Features and Potential of Balancer DAO | veBAL Token Economics

share
Features and Potential of Balancer DAO | veBAL Token Economics

This article is written by Joey Wong, a member of Balancer DAO, and is not financial advice. Note: All figures are denominated in US dollars.

Background

It has been almost two years since the governance token BAL of Balancer was issued in June 2020. During this period, the cryptocurrency industry has seen rapid development, with many new tokenomics emerging. Among them, the Voting Escrow mechanism ve mechanism derived from Curve has undergone practical tests involving billions of dollars and has attracted a thriving ecosystem around it. Meanwhile, the Balancer community believes that there is room for further improvement in the tokenomics of BAL. In order to avoid spending additional time on non-core development, Balancer drew inspiration from Curve's experience and made modifications, implementing the veBAL tokenomics, along with a new inflation schedule.

Features

The features of veBAL + new inflation mechanism are as follows:

  • Lock the BPT or LP tokens of the 80/20 BAL/ETH pool on the mainnet into veBAL.
  • Only veBAL users have voting rights in Balancer's governance.
  • The lock-up period for veBAL ranges from 1 week to 1 year.
  • Qualifying LP tokens of veBAL holders on the Ethereum mainnet can have up to a 2.5x multiplier.
  • 145,000 BAL is newly emitted weekly, and 100% is decided by veBAL holders where to allocate.
  • The veBAL pool has a cap of 10% on newly issued tokens, with the excess being allocated to the DAO treasury.
  • 75% of the protocol fees collected by Balancer will be distributed to veBAL holders in bbaUSD form. Currently, Balancer charges 50% as protocol fees.
  • 25% will be held as a reserve in the DAO treasury.
  • The currency inflation will halve every 4 years.
  • The total supply limit of BAL is 94,000,000.

Benefits

Locking the 80/20 BAL/ETH LP tokens instead of a single token lock-up can increase market liquidity and reduce volatility. The maximum lock-up period of 1 year is to adapt to the rapidly changing market environment. In addition to receiving 75% of the protocol fee income, veBAL holders can also vote for their own veBAL pool, with a cap of 10% of the new emission. These are all more user-friendly than the general ve mechanisms in the market for veBAL holders.

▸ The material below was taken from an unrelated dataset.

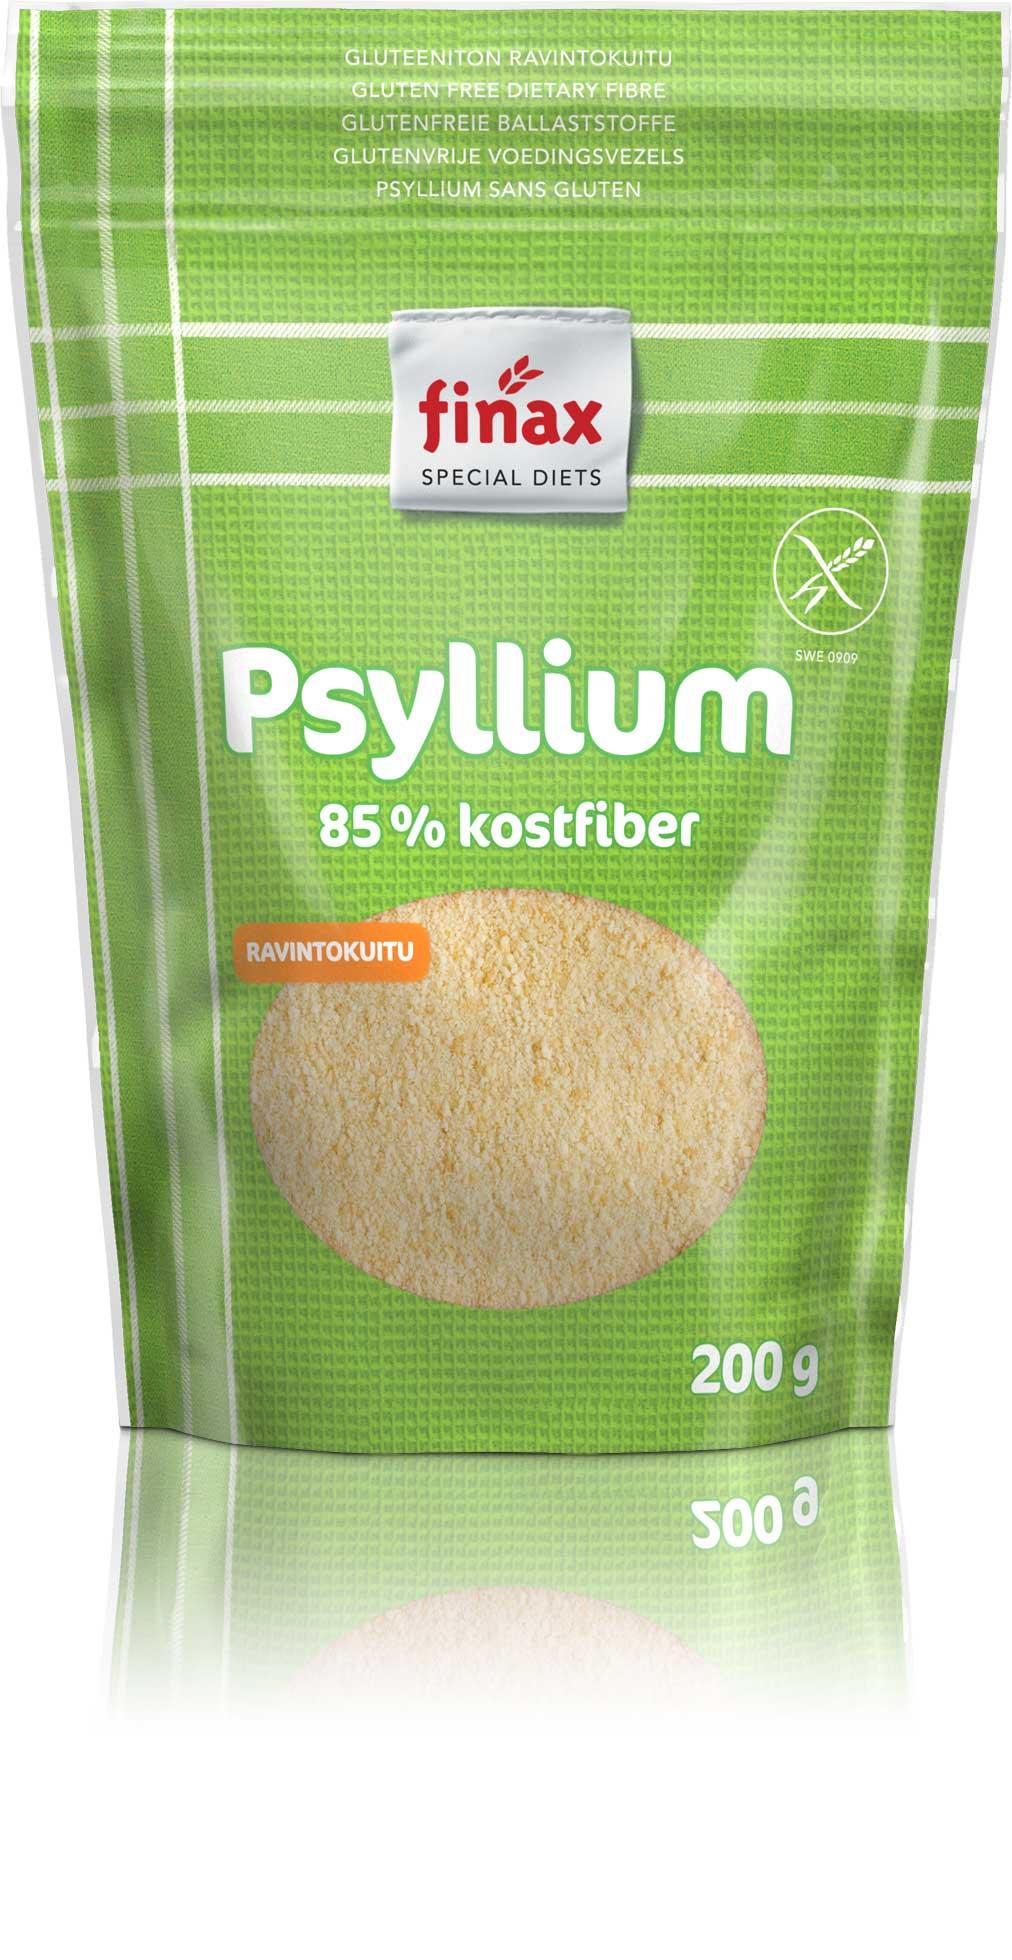 Finax Psyllium

Comparison of fbeets, veBAL, veCRV

Under the new mechanism, voting rights are equivalent to decision-making power over profit distribution. Token holders have more reasons to hold BAL for the long term, as they can not only enhance their annualized returns in the Ethereum mainnet pools but also rent out voting rights in a "bribery" form. This is the foundation of the ve mechanism.

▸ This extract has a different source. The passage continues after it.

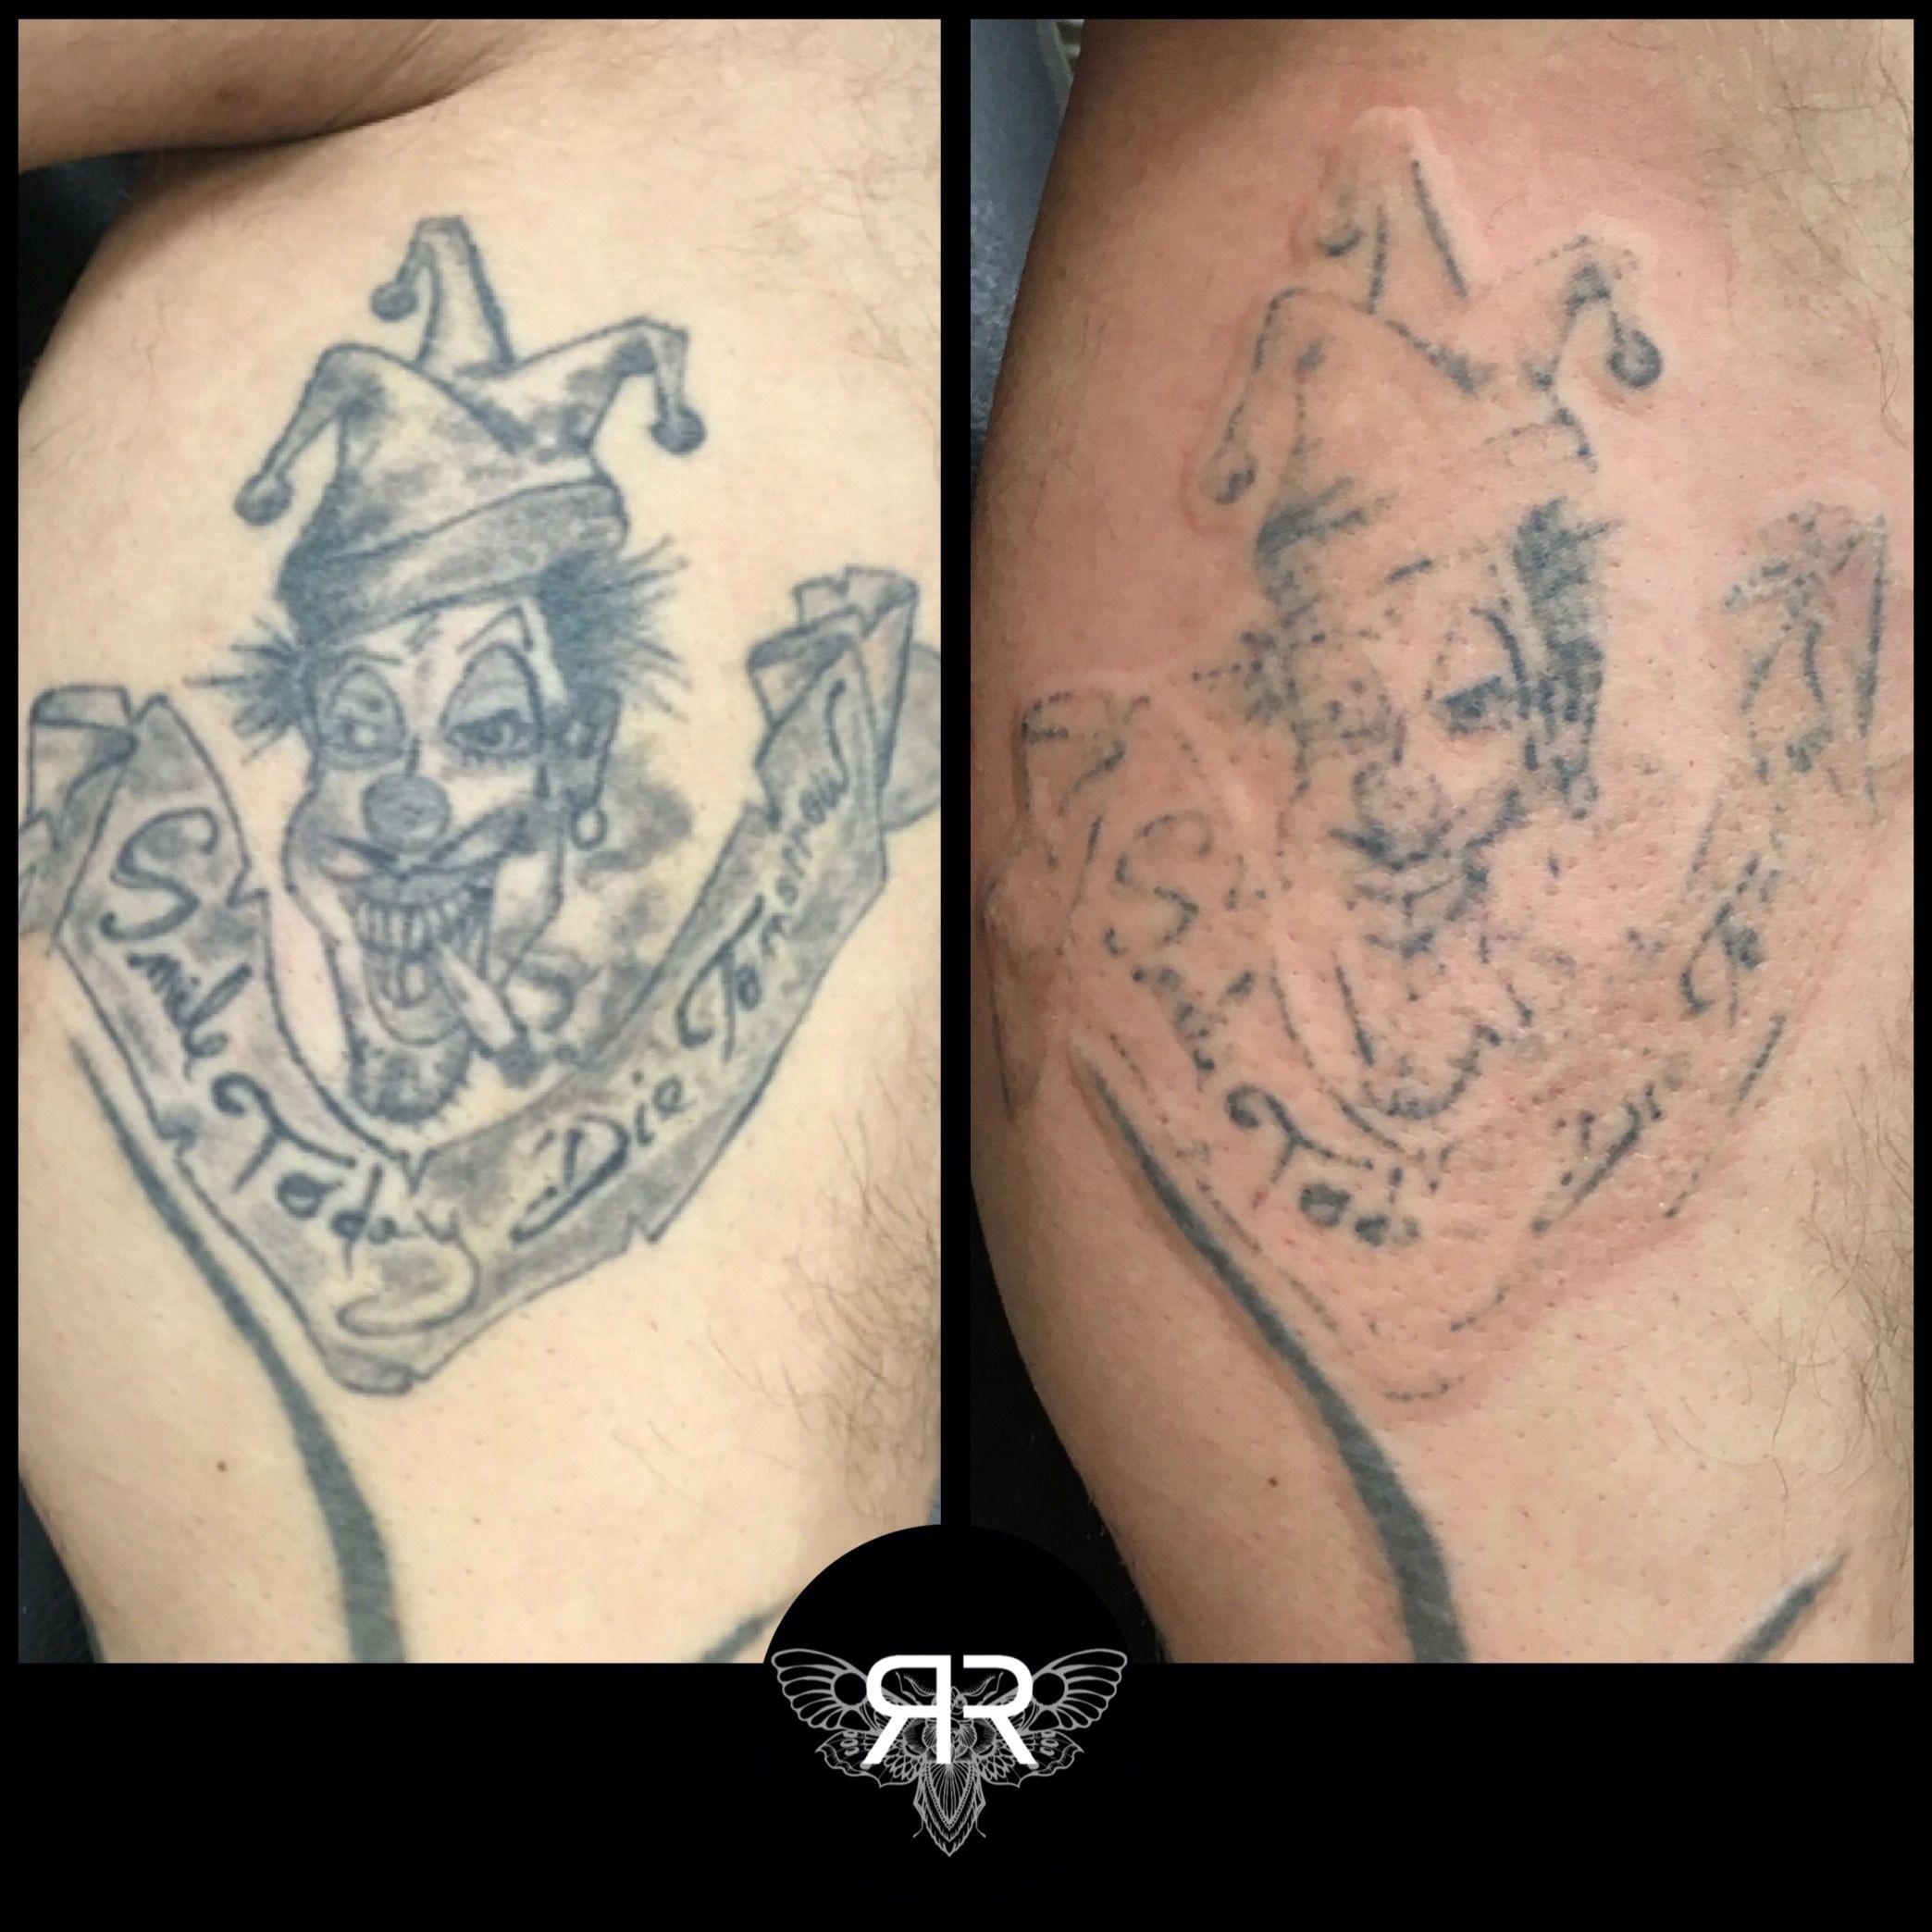 picosure tattoo removal on dark skin

Advantages of the 80/20 pool:

"Bribery" Model

Why would projects rent out voting rights to veBAL holders in a "bribery" model?

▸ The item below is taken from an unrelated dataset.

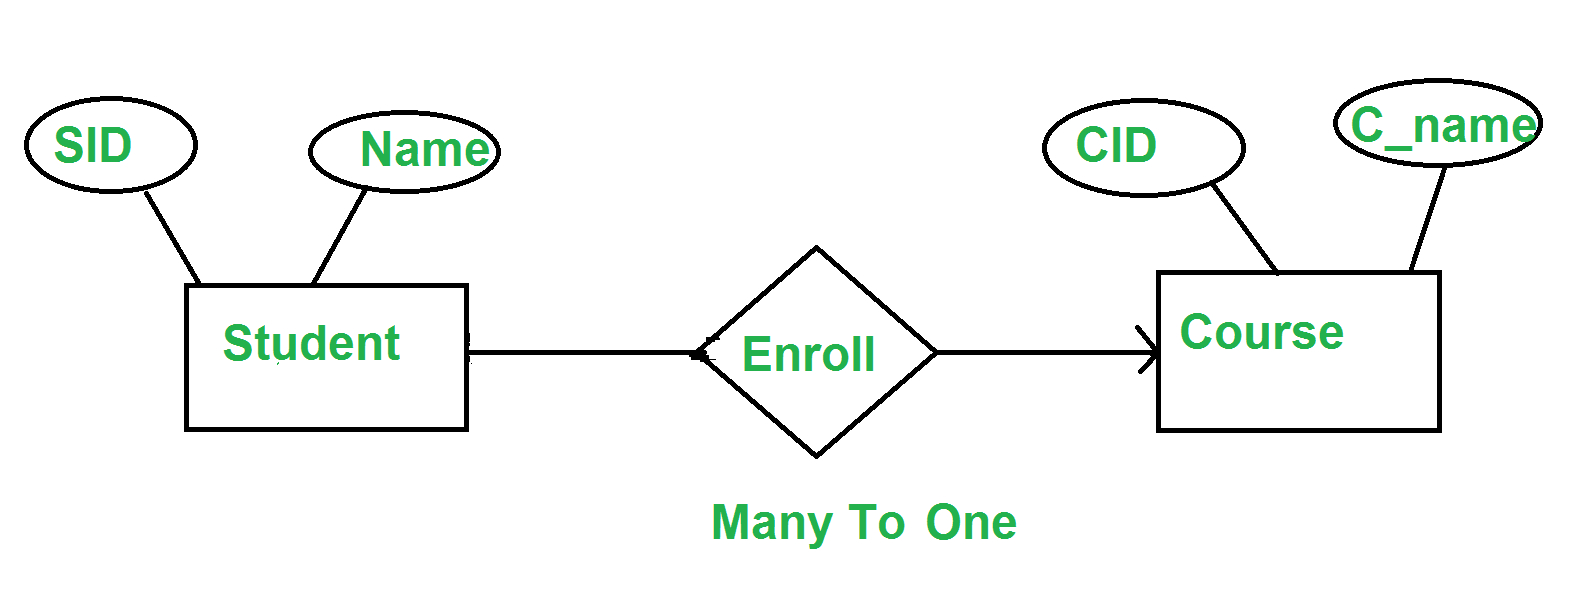 Minimization Of Er Diagrams - Geeksforgeeks for 1 To 1 Relationship Er Diagram

Let's take a look at the previous "bribery" by Qi DAO.

Qi DAO promised to airdrop 20,000 QI, with 90% in the Polygon pool and 10% in the Arbitrum pool, to veBAL holders who voted for their MAI pool.

As a result, the MAI Polygon pool received 2.11% of BAL emissions, while the MAI Arbitrum pool received 0.18%, totaling 2.29% of the weekly emissions.

145,000 BAL * 2.29% = 3320.5 BAL

Calculating at 1 BAL = $13.84, Qi DAO received BAL rewards worth $45,995.

Compared to QI's price of $0.67 at the time, Qi DAO only spent the equivalent of $13,400 in QI to receive $45,955 in rewards, resulting in a 242% ROI.

For Qi DAO, this maximizes their QI and alleviates token selling pressure. Not only on the Ethereum mainnet, but projects can also incentivize their Polygon and Arbitrum pools with "bribery" now. For Balancer, we offer liquidity rental services, opening up additional income opportunities for BAL holders. The weekly voting by veBAL holders affects the direction of BAL token reward emissions in Balancer's mining pools. Whether the rewards go to the Ethereum mainnet, Polygon, or Arbitrum is decided by veBAL holders. They can receive "bribery" rewards by renting out voting rights.

In addition to quickly integrating the Balancer veBAL into the Hidden Hand "bribery" market, looking at projects such as Curve, Beethoven X, which have already adopted the gauge vote mechanism, we expect more projects and platforms to maximize rewards by offering "bribery" incentives through Balancer.

Looking forward to the battle for BAL.